We're fulltiming and are currently in Mercia, will be moving up to Benidorm next month and working our way up to Germany in May. Havn't met anyone from MHF, so anyone out there fancy meeting up?


----------



## asprn (Feb 10, 2006)

kevathome said:


> We're fulltiming and are currently in Mercia


Assuming you're not in Wales, you might mean Murcia. 

Dougie.


----------



## teensvan (May 9, 2005)

Hi kevathome.
We are in benidorm on camping villasol until the end of march we may get to meet up if you get to benidorm. Hope the weather here gets better soon.
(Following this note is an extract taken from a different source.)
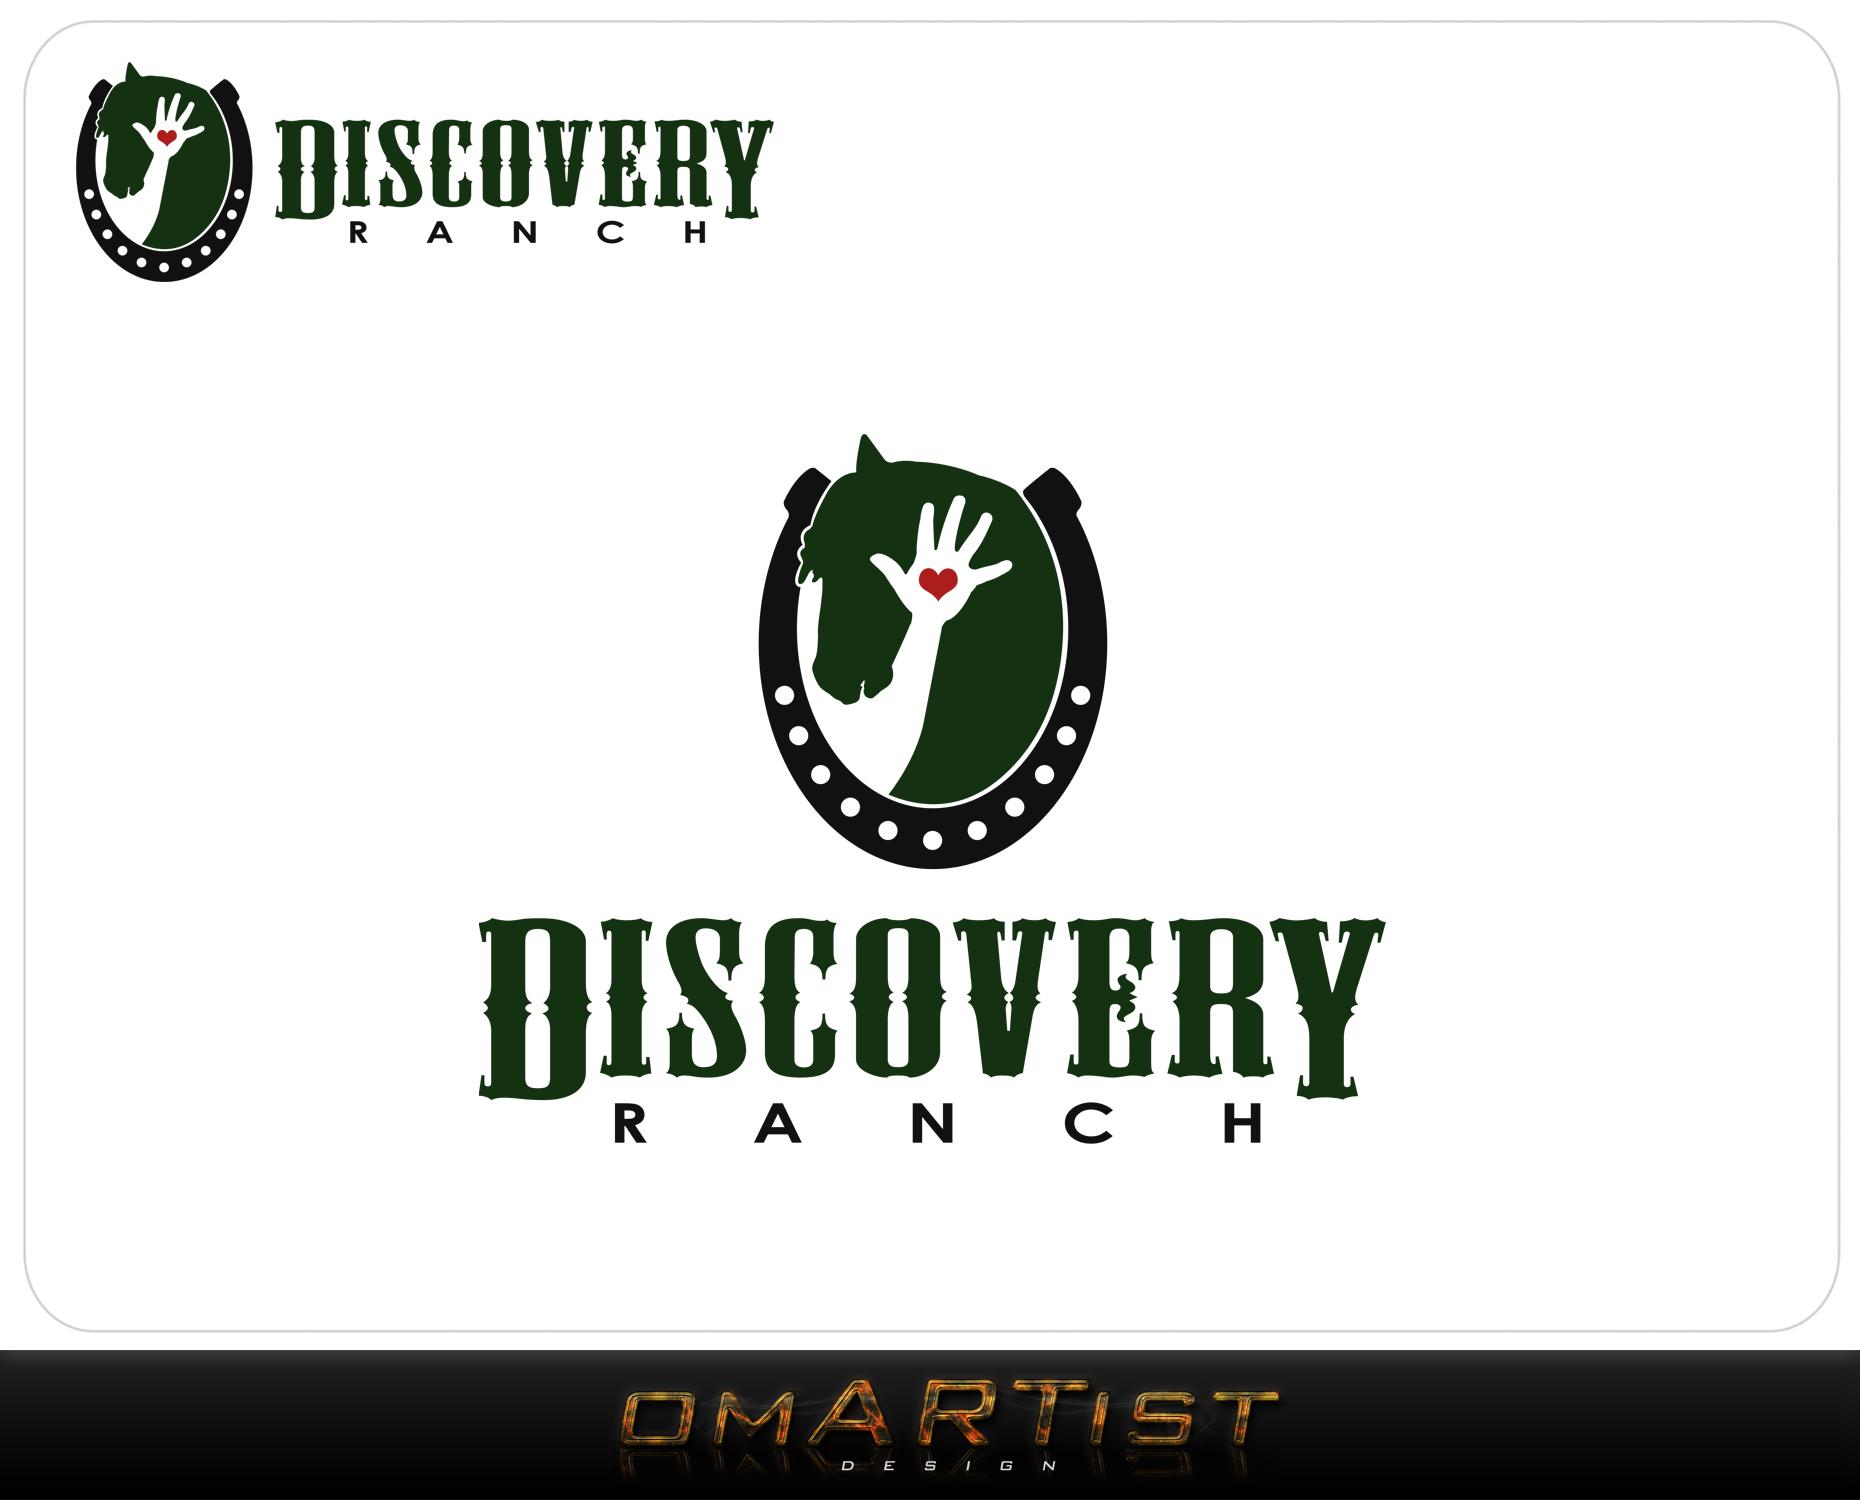 Logo Design by omARTist - Entry No. 79 in the Logo Design Contest Creative Logo Design for Discovery Ranch.

steve & ann. ---------------- teensvan.


----------



## 103374 (Mar 13, 2007)

Dougie,
Thanks for spotting the deliberate mistake - only there to see if anyone paying attention (theys nowt rong wif muy spelging)

Steve & Ann,
Planning on getting to Beni feb 20/21 and hoping to stay on Villasol. Havn't booked - how full is it?

Kevin & Marilyn


----------



## teensvan (May 9, 2005)

Hi kevathome.

This time last year you would have been lucky to find a pitch. Not so this year there are about 40-50 pitches spare. None of the sites are full this year. 
Safe journey we shall still be here when you arrive.

steve & ann. -------------- teensvan.


----------



## Droop (Nov 21, 2007)

*Murcia - Benidorm*

I'm in Murcia, looking to head for Benidorm today


----------



## Droop (Nov 21, 2007)

*Valencia*

Will be in Valencia tonight


----------



## 103374 (Mar 13, 2007)

Hi Steve & Ann,
How are things in Benidorm, high winds here have forced everyone to put down sat dishes and talk to eachother instead of watch TV.
Pool is 38'C and we sit in there like those japanese monkeys you see on TV. Looking forward to the nightlife - anything new & exiting?

Hi Droop,
Hope you made Valencia ok, windy or what! Have you chosen a site in Beni and how long are you planning on staying?

Regards 
Kevin & Marilyn


----------



## teensvan (May 9, 2005)

Hi kevathome.

The weather forecast shows winds of 15Klm but it has been blowing at about 50Klm for the past 3 hours and seems to be getting worse. The awning is banging about like mad. The van is also rocking about as i type this post.

steve & ann. ------------ teensvan.


----------